First, in each gene it was examined whether the sum of the number of nucleotides in the translated parts of the exons did obey the modulo three rule and thus did not contain incomplete codons. There turned out to be one entry that did not obey the modulo three rule, namely ATDNABFS1.

Start and stop codons

Secondly, a scan for the lack of start codons (ATG), for the lack of stop codons [TAA TAG and TGA, A.thaliana uses the standard genetic code (ftp://weeds.mgh.harvard.edu/pub/codon/ath.cod)], and for the presence of stop codons inside the reading frame was performed. The entry ATDNABFS1 turned out to lack a start codon and contained no less than 52 stop codons in the reading frame. Correspondence with the author revealed that a fair CDS is found when the first nucleotide of the start codon is taken as position 393 instead of position 374, and the first nucleotide of the stop codon is taken as position 3134 instead of position 3305.

Minimal functional intron length

Thirdly, the data set was scanned for entries containing very short introns. As they have to form a lariat, splicing becomes functionally impossible if the intron is very short. According to a recent review ( 7 , 8 ) a minimal functional length of 64 nt is reported for dicots. While it seems that this number should be lowered somewhat (our scan revealed seemingly correct introns of lengths between 58 and 64 nt), an intron of length 18 nt as intron four in ATU11033 was an error (has later been corrected by the authors). This entry was removed from the data set.

Strange non-consensus splice sites

The largest number of errors was found by examining apparent deviations from the donor and acceptor splice site consensus sequences. Of the 878 donor sites and 880 acceptor sites in the extracted data set, 45 donor sites and 44 acceptor sites turned out to lack the normal dinucleotides, GT and AG. The non-consensus splice sites were found in 26 entries only, which were examined manually by comparing to the original and related publications, and by searching for related entries in the databases.

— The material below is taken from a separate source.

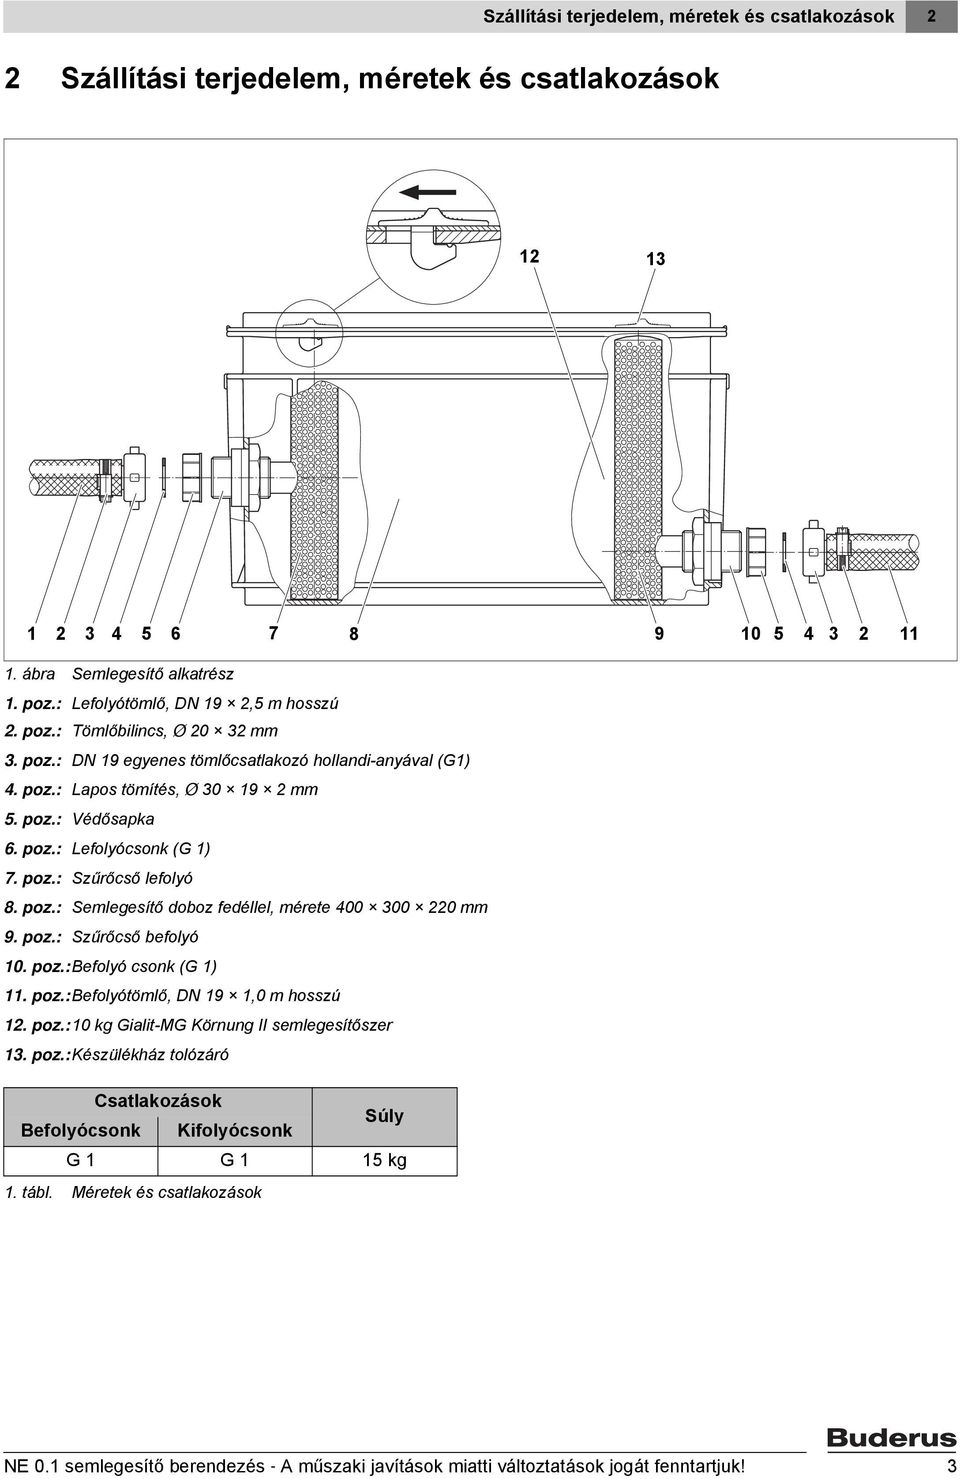 poz.: Szűrőcső lefolyó 8. poz.: Semlegesítő doboz fedéllel, mérete 400 300 220 mm 9. poz.: Szűrőcső befolyó 10. poz.:befolyó csonk (G 1) 11. poz.:befolyótömlő, DN 19 1,0 m hosszú 12. poz.: 10 kg Gialit-MG Körnung II semlegesítőszer 13.
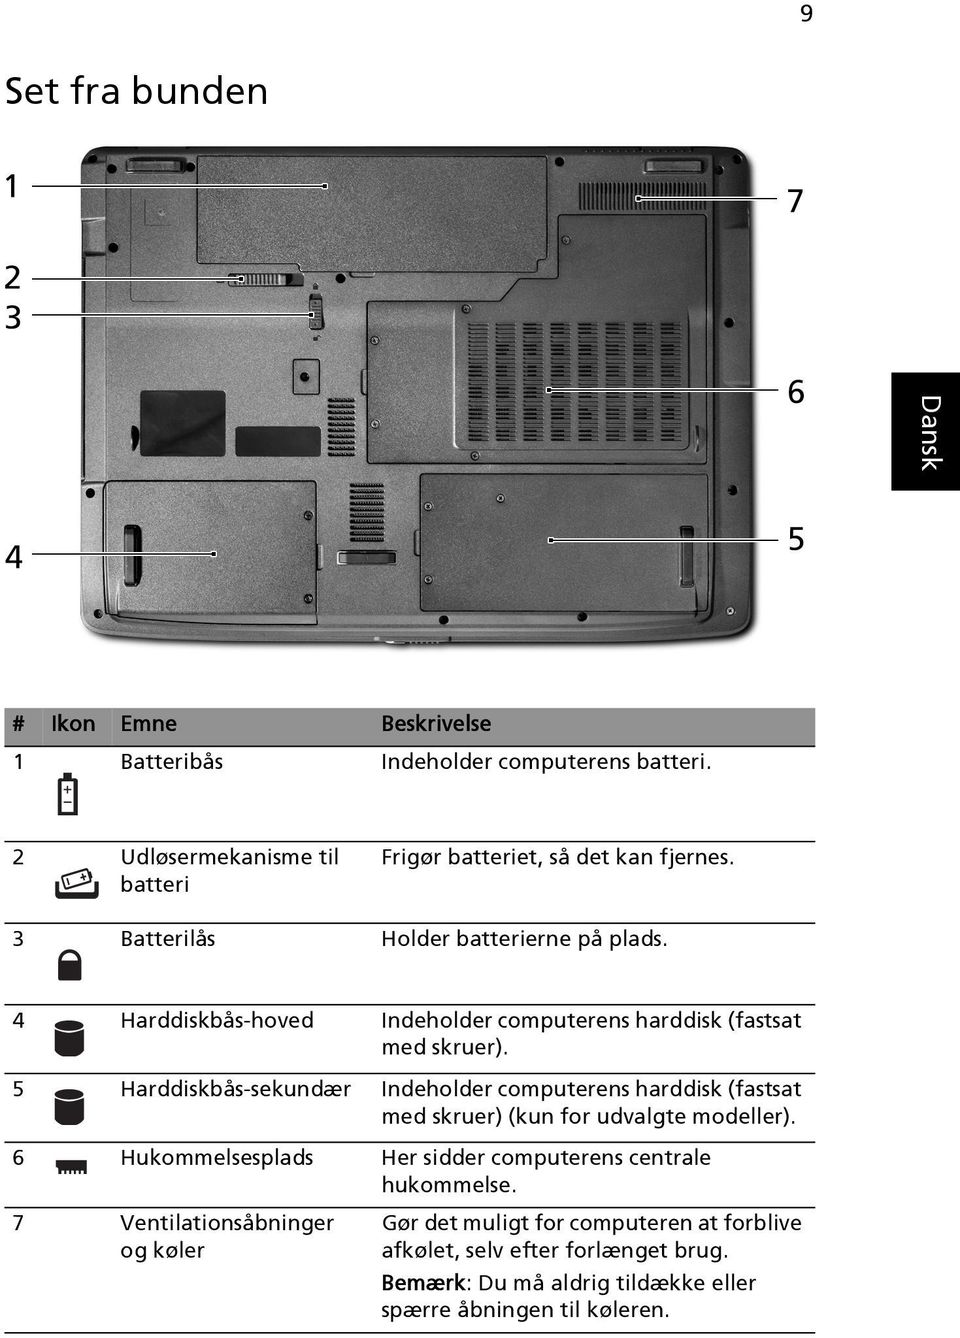 5 Harddiskbås-sekundær Indeholder computerens harddisk (fastsat med skruer) (kun for udvalgte modeller).

From this careful examination we strongly suggest that all of the acceptor sites and all the donor sites but three are errors ! The three donor sites represent true exceptions. They appear in the entries ATHACOACAR (donor site 15), ATHFUS6A (donor site 3) and ATHHANKA (donor site 6). The use of GC instead of GT at the donor site is observed in the order of ~1% of the A.thaliana introns. Their occurrence as true donor sites has recently been reported in the myrosinase genes from Brassicaceae , the family including the species A.thaliana ( 9 ).

A list of the remaining entries, with comments on the errors, can be found in Table 1 . The errors may be divided into a small number of categories. A large part of them (21/24) are caused by bad localization of a feature in the sequence, most often the splice sites. If the assignment is performed by comparing the gene sequence and homologous cDNA without caring for a proper consensus, this kind of mistake may occur (see Fig. 1 ). Since the sequences around the 5' and 3' splice sites often are similar, alignment ambiguities will result and one among several good solutions may be discarded. For this kind of errors, anyone has access to the same basic information as the authors were having themselves and sometimes even more due to new data and publications that have appeared later. In a few cases other kinds of errors are indicated. Their occurence may be related to sequence errors coming from editing or from the sequencing itself. Here the authors only may be able to track down and confirm the suggested errors, albeit the indication of errors is always very strong. Examples of such indications are given by redundant entries for the same gene (ATHRD29AB), or by entries for very close homologs (ATACP, ATU18969), or by clear biological inconsistencies (ATU11033). This latter case is among those where entries have been modified in a later version of GenBank, confirming our suggestion of error. In several cases we have been able to contact the authors, ending up with consistent modifications of the entry for most of the genes.


Figure 1 . Alignments of a genomic sequence to its cognate cDNA. The top line represents the sequence of a gene around an intron, showing its 5' and 3' borders, while the next five lines represent alternative alignments of the cDNA sequence. Only alignment 3 gives the correct splice site assignment, leaving out of the alignment the proper intron sequence starting by `GT' and ending by `AG' dinucleotides.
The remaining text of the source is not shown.